Discrepancy in the reported percentage of flawed questions in FastChat MT-Bench

InflectionAI / Inflection-Benchmarks

Public Inflection Benchmarks

MIT License

69 stars 2 forks source link

Discrepancy in the reported percentage of flawed questions in FastChat MT-Bench #2

Open jerilkuriakose opened 8 months ago

jerilkuriakose commented 8 months ago

Hi, I was reading the article Inflection-2.5: meet the world's best personal AI, and in the article it was mentioned that nearly 25%—of examples in the reasoning, math, and coding categories had incorrect reference solutions or questions with flawed premises. I compared the FastChat MT Bench questions and Inflection MT Bench corrected questions and found only 4 questions to have a change / difference.

I downloaded the FastChat MT Bench question using the following code: FastChat LLM Judge

python3 download_mt_bench_pregenerated.py

And compared it with corrected version of the MT-Bench, using mergely. The comparison shows only 4 changes and the 4 changes looks correct in terms of the references provided.
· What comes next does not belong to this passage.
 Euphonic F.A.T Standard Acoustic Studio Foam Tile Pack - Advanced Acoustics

Can you please help in understanding how nearly 25% were flawed?

bobqywei commented 8 months ago

Hi Jeril. Thanks for reaching out, the official FastChat LLM Judge repo actually does not use the reference answers contained in the fastchat/llm_judge/data/mt_bench/question.jsonl file which you compared against. The official eval entrypoint python gen_judgment.py actually uses the reference answers from fastchat/llm_judge/data/mt_bench/reference_answer/gpt-4.jsonl which contains many more errors as they are unfiltered completions from GPT-4. In our fixed solutions, we use many of the reference answers from the FastChat jsonl that you linked to above. Ultimately, when comparing our fixed solutions with the GPT-4 generations, there is a larger diff of nearly 25% of questions which use reference solutions (i.e. math, coding, reasoning).
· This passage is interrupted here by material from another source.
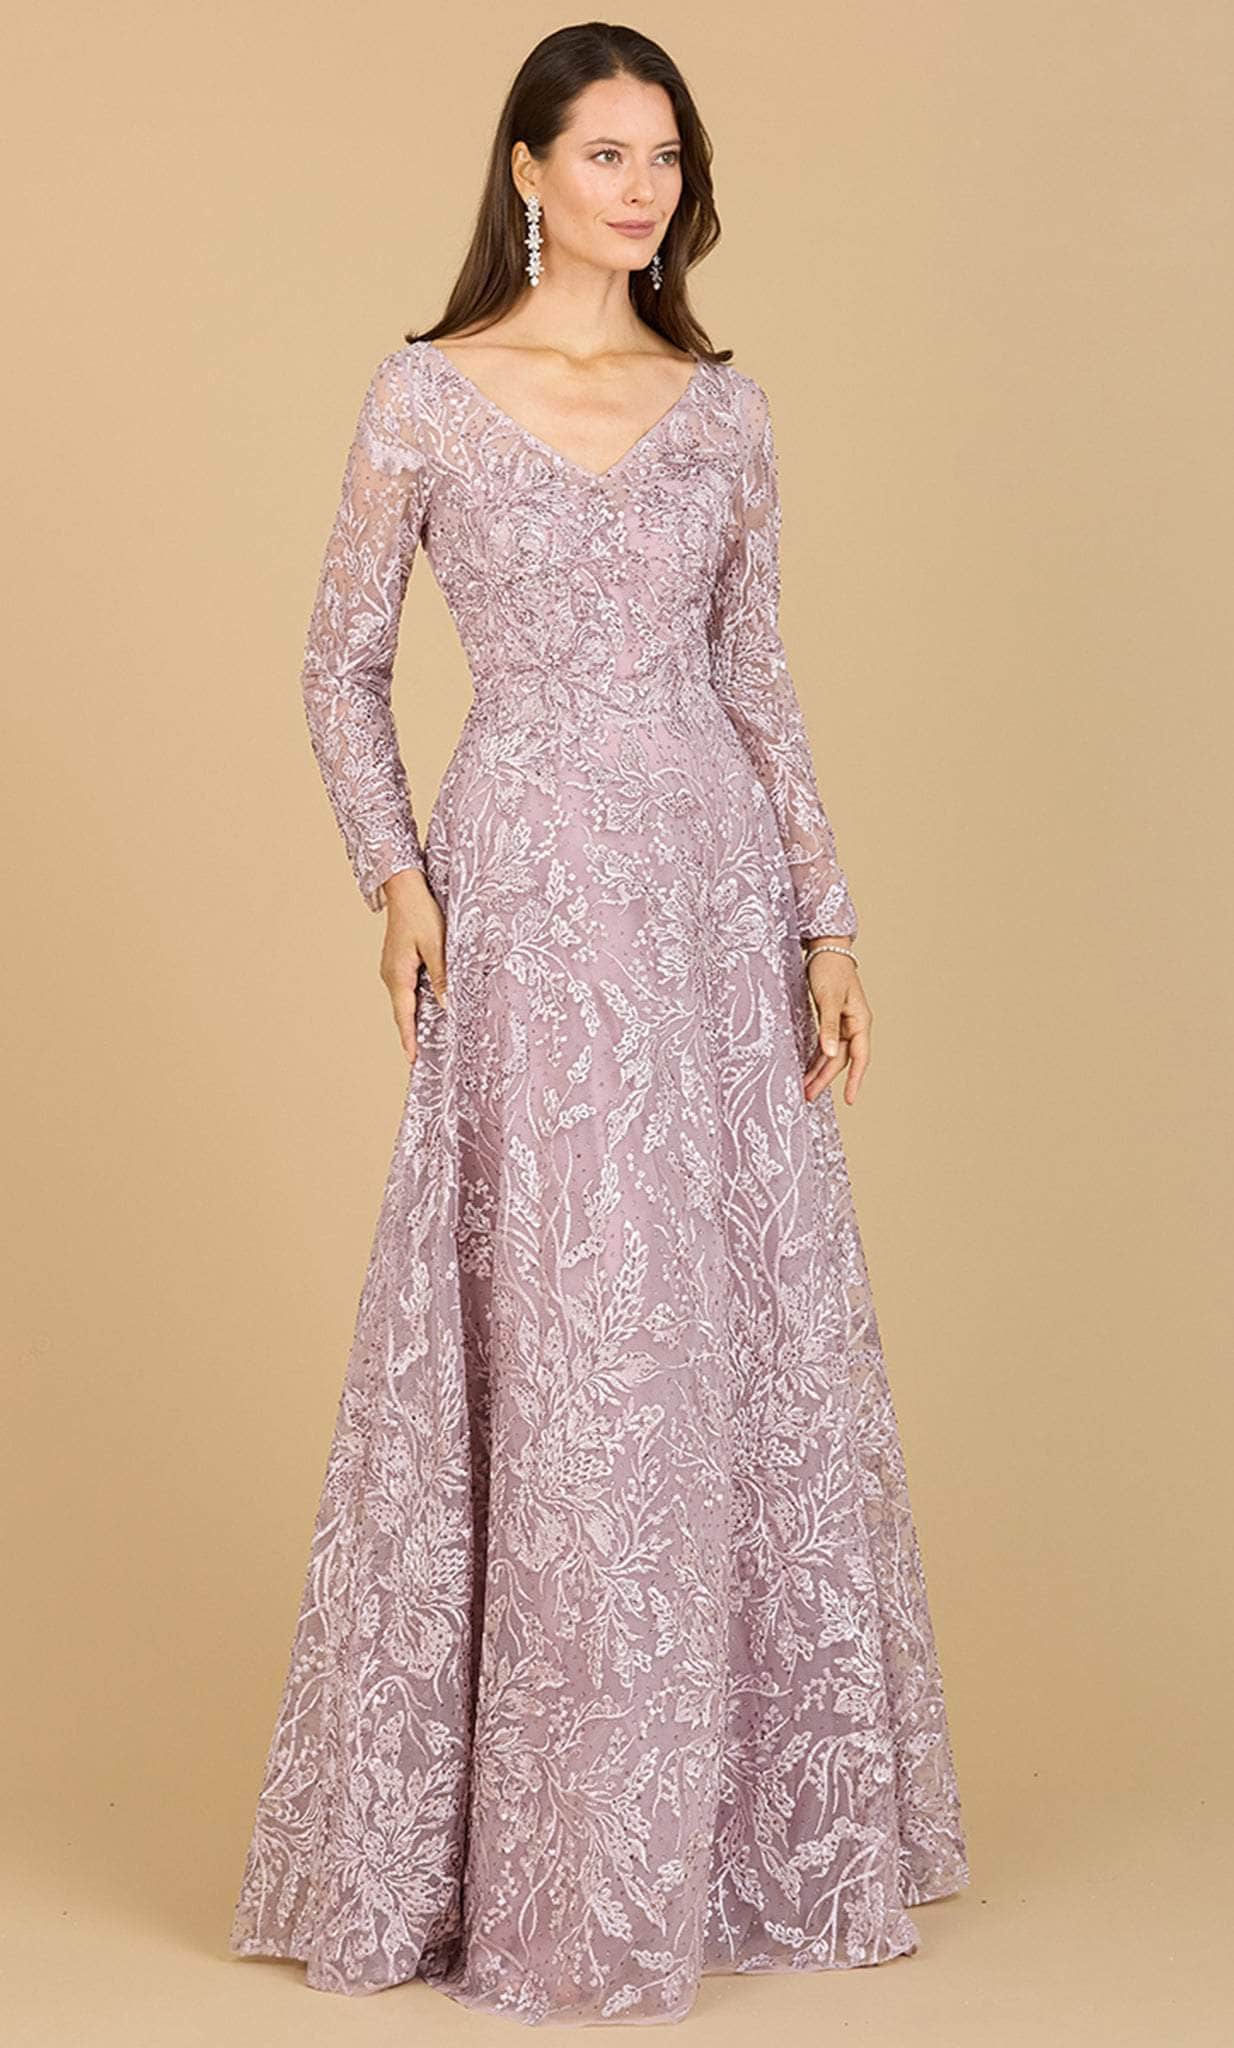 Lara Dresses 29200 - Embroidered A-Line Prom Dress

jerilkuriakose commented 8 months ago

Thank you for the update.

jerilkuriakose commented 8 months ago

Could you please help in recommending how to use the MT-Bench? Even if we use the corrected version of the MT-Bench to generate the GPT-4 reference answers, its still going to have around 25% flawed solutions right? Could you also please help me understand how the reference answers were generated for the MT-Bench Corrected in the article Inflection-2.5: meet the world's best personal AI?